The §50.4 step 5f.1/5f.2/5f.3 helpers are reused VERBATIM — populate
semantics are identical between CPU and CUDA backends.
- Updates `apr-cli::drive_real_cuda` to accept the same `init_arch:
Option<&TransformerConfig>` + `init_path: Option<&Path>` pair as the
CPU path.
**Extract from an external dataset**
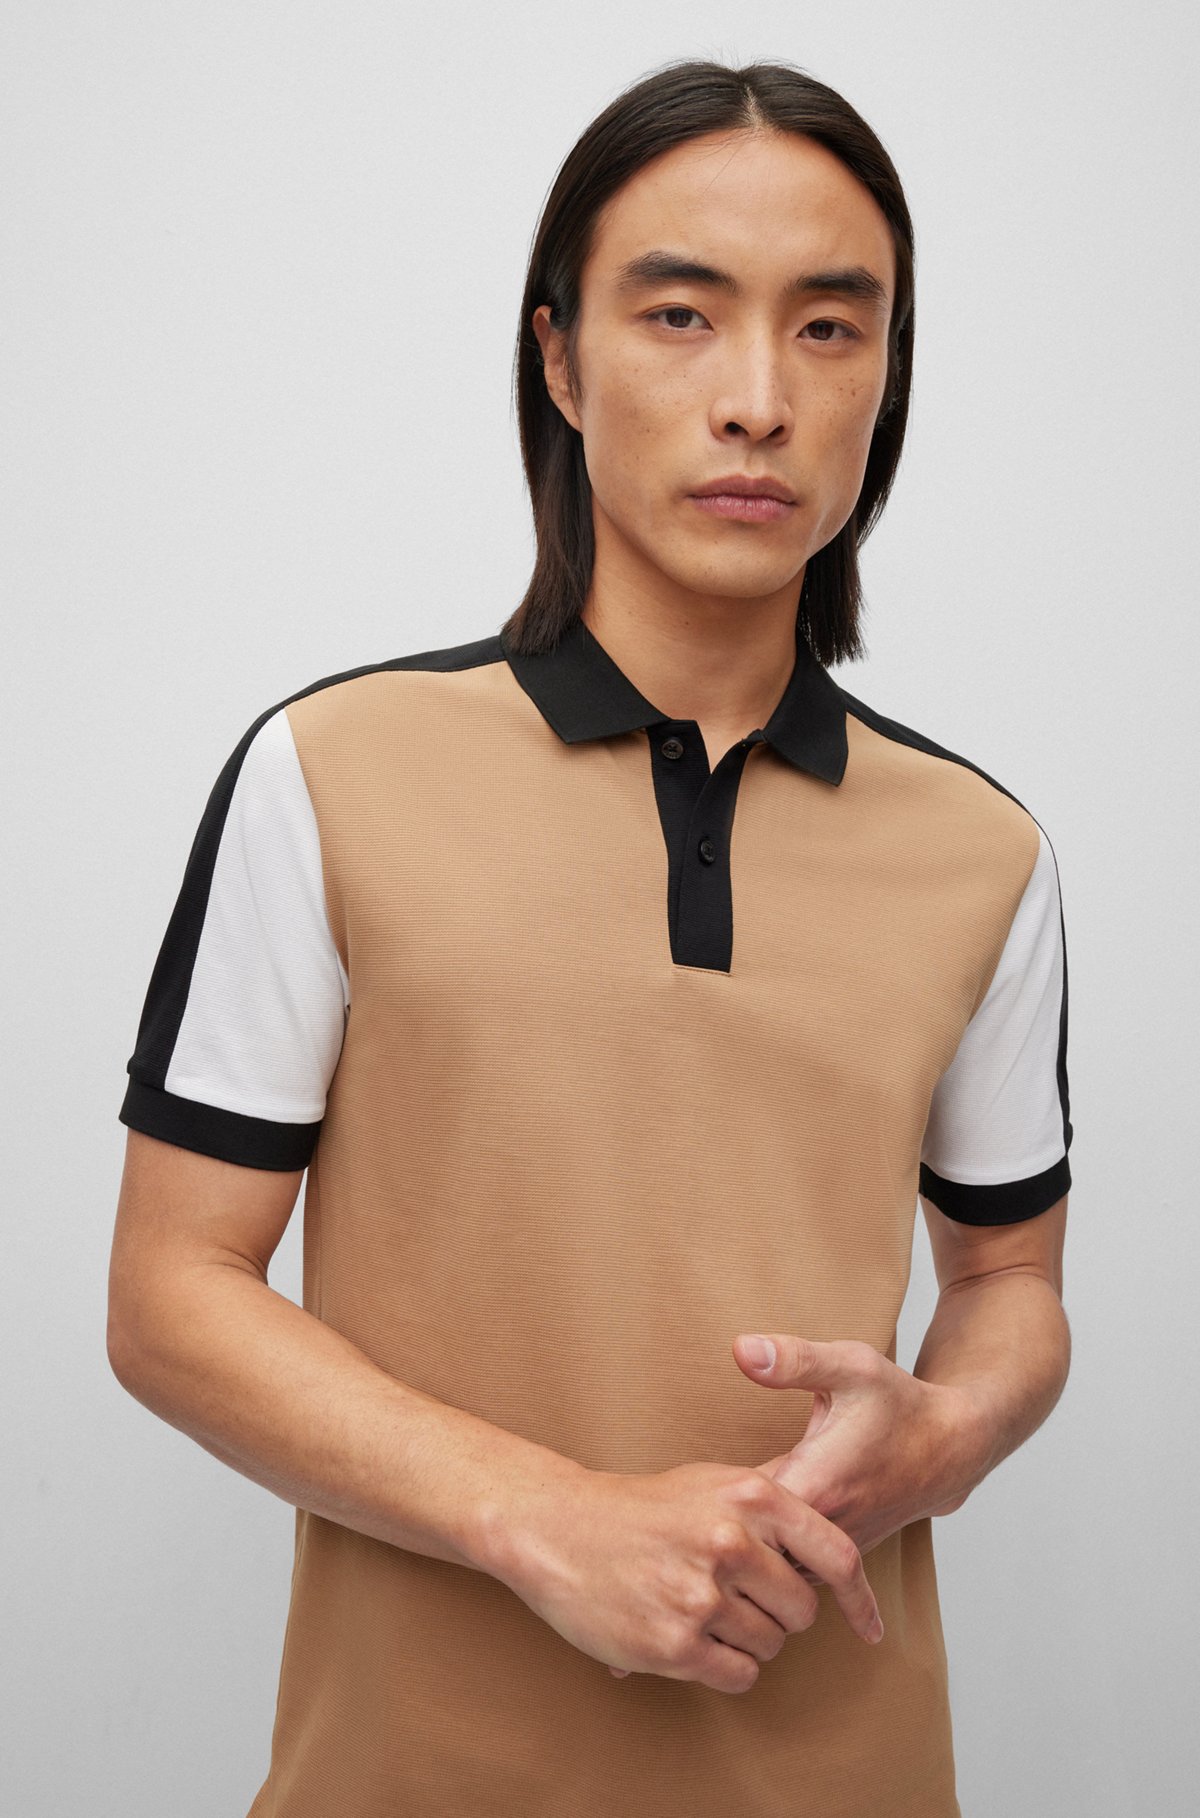 Colour-blocked slim-fit polo shirt in mercerized cotton, Beige

When either is `Some`, routes through the new builder.
When both are `None`, preserves the existing from-scratch baseline
(INV-ARCH-370M-001 stays enforced on the from-scratch CUDA path).
- Removes the `FALSIFY-APR-PRETRAIN-INIT-CUDA-001` fail-fast Err in
`drive_real`. The `pub(crate) const FALSIFY_APR_PRETRAIN_INIT_CUDA_001_MSG`
survives and is repurposed as a drift-prevention sentinel — its
payload now reads "is wired for --device cuda via
build_shared_cuda_trainer_with_init (5f.5 SHIPPED)" so a future
regression that re-introduces a fail-fast fires the sentinel test
before the contract reference goes stale.
Five-Whys (root-cause class) for the wireup itself:
1. Why was the CUDA wireup deferred while the CPU wireup landed in
PR #1494? §50.4 step 5f.4 was the smallest cascade-completing PR;
landing both backends in one PR conflated the algorithm-level
wireup with the CUDA-feature-build dependency. Per
`feedback_falsifier_first_cascade_pattern.md`, 1 PR ≈ 1 logical
change.
2. Why does the CUDA path even need its own builder? Because the
`CudaTransformerTrainer` constructor uploads weights to GPU at
allocation time — the populated CPU model must exist BEFORE the
GPU upload, or the GPU sees random initialization while the CPU
model has the loaded init.
3. Why pass the populated CPU `Transformer` to `with_model` rather
than loading directly into GPU buffers? Because the CUDA upload
path (`upload_blocks` + `final_norm` + `lm_head`) reads weights
FROM the CPU `Transformer` struct. The cleanest symmetry is
"build CPU model, populate via shared helper, hand to CUDA
constructor" — the same helper closes the §28 SHIP-007 silent-
gibberish defect class on both backends.
4. Why preserve the const sentinel rather than delete it? The const
is referenced by name in `apr-pretrain-arch-polymorphic-v1.yaml`
v1.4.0..v1.6.0 changelog and falsifier entries. Deleting it would
break the contract's audit trail. Repurposing it (semantic flip
from "fail-fast" to "is wired") preserves the audit chain while
the new payload still anchors a drift-prevention test.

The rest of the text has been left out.